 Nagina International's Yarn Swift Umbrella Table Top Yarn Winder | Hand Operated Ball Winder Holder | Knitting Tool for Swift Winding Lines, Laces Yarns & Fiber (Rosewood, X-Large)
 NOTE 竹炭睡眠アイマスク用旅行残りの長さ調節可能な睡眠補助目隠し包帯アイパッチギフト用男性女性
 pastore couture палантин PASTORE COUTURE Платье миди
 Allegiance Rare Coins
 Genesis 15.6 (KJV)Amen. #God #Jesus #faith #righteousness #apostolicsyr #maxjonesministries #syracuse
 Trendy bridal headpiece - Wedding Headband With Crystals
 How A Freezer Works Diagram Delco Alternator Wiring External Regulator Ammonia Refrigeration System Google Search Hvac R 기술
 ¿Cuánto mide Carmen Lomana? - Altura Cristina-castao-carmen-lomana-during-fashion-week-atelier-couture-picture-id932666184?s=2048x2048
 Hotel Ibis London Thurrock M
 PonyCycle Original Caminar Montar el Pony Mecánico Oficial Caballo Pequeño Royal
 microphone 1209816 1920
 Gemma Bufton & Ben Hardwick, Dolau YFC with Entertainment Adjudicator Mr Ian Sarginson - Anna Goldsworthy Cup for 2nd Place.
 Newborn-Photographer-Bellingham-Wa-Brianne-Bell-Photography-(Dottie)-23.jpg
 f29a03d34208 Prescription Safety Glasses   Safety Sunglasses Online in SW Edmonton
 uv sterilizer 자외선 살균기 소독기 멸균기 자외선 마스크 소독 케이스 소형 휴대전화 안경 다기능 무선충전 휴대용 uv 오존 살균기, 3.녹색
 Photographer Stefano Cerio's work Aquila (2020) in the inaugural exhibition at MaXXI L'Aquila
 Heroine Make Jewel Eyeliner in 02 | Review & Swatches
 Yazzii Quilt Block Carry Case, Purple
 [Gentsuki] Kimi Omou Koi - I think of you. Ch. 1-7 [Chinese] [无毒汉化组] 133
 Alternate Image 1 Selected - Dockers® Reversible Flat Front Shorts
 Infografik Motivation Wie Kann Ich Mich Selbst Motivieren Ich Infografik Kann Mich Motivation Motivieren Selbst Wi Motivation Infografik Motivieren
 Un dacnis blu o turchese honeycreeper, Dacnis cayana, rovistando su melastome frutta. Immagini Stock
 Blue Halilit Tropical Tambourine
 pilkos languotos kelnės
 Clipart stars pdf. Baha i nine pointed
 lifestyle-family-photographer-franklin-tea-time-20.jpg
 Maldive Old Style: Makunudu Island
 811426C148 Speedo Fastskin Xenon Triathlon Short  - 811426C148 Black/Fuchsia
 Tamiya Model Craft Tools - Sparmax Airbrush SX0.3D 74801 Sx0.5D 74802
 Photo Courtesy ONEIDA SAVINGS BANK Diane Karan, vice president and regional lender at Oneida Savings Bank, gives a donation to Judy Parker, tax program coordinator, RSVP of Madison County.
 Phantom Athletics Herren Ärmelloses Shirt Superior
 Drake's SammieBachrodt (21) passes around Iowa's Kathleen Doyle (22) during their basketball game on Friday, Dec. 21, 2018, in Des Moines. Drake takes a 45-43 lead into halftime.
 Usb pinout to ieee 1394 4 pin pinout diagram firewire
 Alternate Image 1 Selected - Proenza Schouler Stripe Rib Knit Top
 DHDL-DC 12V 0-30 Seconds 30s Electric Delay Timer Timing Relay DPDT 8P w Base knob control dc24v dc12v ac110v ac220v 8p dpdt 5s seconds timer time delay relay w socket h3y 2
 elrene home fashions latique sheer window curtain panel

******************************

■ Problem details ■
Exactly the lines from the one with "lifestyle-family-photographer-franklin-tea-time-20.jpg" through the last line of the listing above must make up your answer.

■ Exercise answer ■
 lifestyle-family-photographer-franklin-tea-time-20.jpg
 Maldive Old Style: Makunudu Island
 811426C148 Speedo Fastskin Xenon Triathlon Short  - 811426C148 Black/Fuchsia
 Tamiya Model Craft Tools - Sparmax Airbrush SX0.3D 74801 Sx0.5D 74802
 Photo Courtesy ONEIDA SAVINGS BANK Diane Karan, vice president and regional lender at Oneida Savings Bank, gives a donation to Judy Parker, tax program coordinator, RSVP of Madison County.
 Phantom Athletics Herren Ärmelloses Shirt Superior
 Drake's SammieBachrodt (21) passes around Iowa's Kathleen Doyle (22) during their basketball game on Friday, Dec. 21, 2018, in Des Moines. Drake takes a 45-43 lead into halftime.
 Usb pinout to ieee 1394 4 pin pinout diagram firewire
 Alternate Image 1 Selected - Proenza Schouler Stripe Rib Knit Top
 DHDL-DC 12V 0-30 Seconds 30s Electric Delay Timer Timing Relay DPDT 8P w Base knob control dc24v dc12v ac110v ac220v 8p dpdt 5s seconds timer time delay relay w socket h3y 2
 elrene home fashions latique sheer window curtain panel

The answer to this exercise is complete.